Though State initially condemned the cartoons-"Inciting religious or ethnic hatreds in this manner is unacceptable"-the neocons rapidly re-seized control of the message. In hours, State was in retreat: "While we share the offense that Muslims have taken at these images, we at the same time vigorously defend the right of individuals to express points of view." Of course we do. But do we believe freedom of the press was responsibly exercised when these idiot editors used it to incite a religious war?

And when it comes to press freedom, Europeans are world-class hypocrites.

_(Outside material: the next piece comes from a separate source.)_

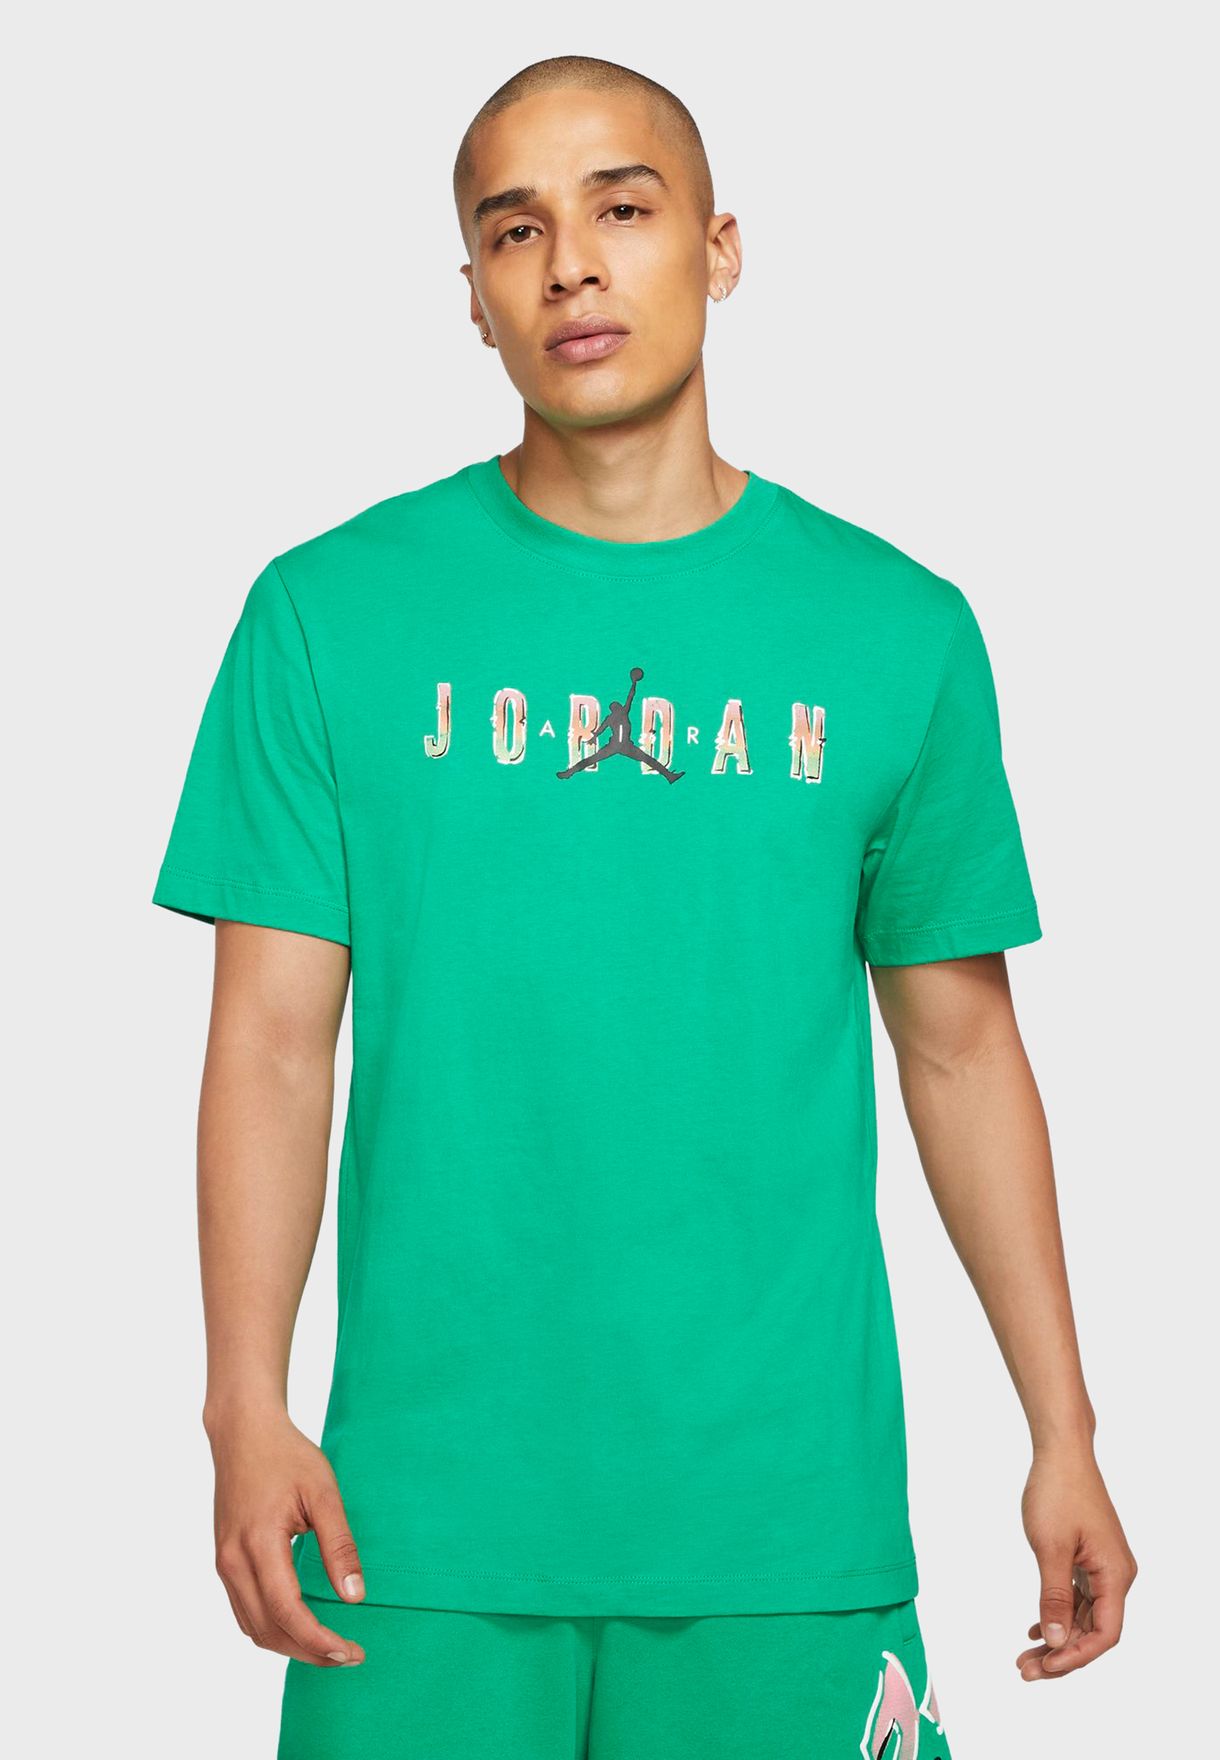 green jordans shirt

British historian David Irving has spent months in a prison in Vienna awaiting trial for two speeches he made 15 years ago. In Europe, skeptics and deniers of the Holocaust are fined and imprisoned with the enthusiastic endorsement of the press.

Unfortunately, Bush let slip an opportunity to show respect for the Islamic world and faith and, instead, let himself be intimidated into silently condoning an insult to both. Standing beside the King of Jordan, Bush denounced the violence the cartoons had ignited but declined to condemn the cartoons. Condi Rice denounced Iran and Syria for exploiting the rage over the cartoons but did not condemn the cause of that rage. If there is a double standard here, Bush is the guilty party. He rightly denounced Iran's president for mocking the Holocaust but would not denounce the European press for mocking the prophet.

If Bush and Rice cannot muster the moral courage to condemn the insulting content of the cartoons, as well as the violence being promoted by anti-Western agitators and demagogues, our wars for democracy in the Middle East are in vain. For we can never win the friendship of these people if they believe our words of respect for their religion cover up a sneering contempt.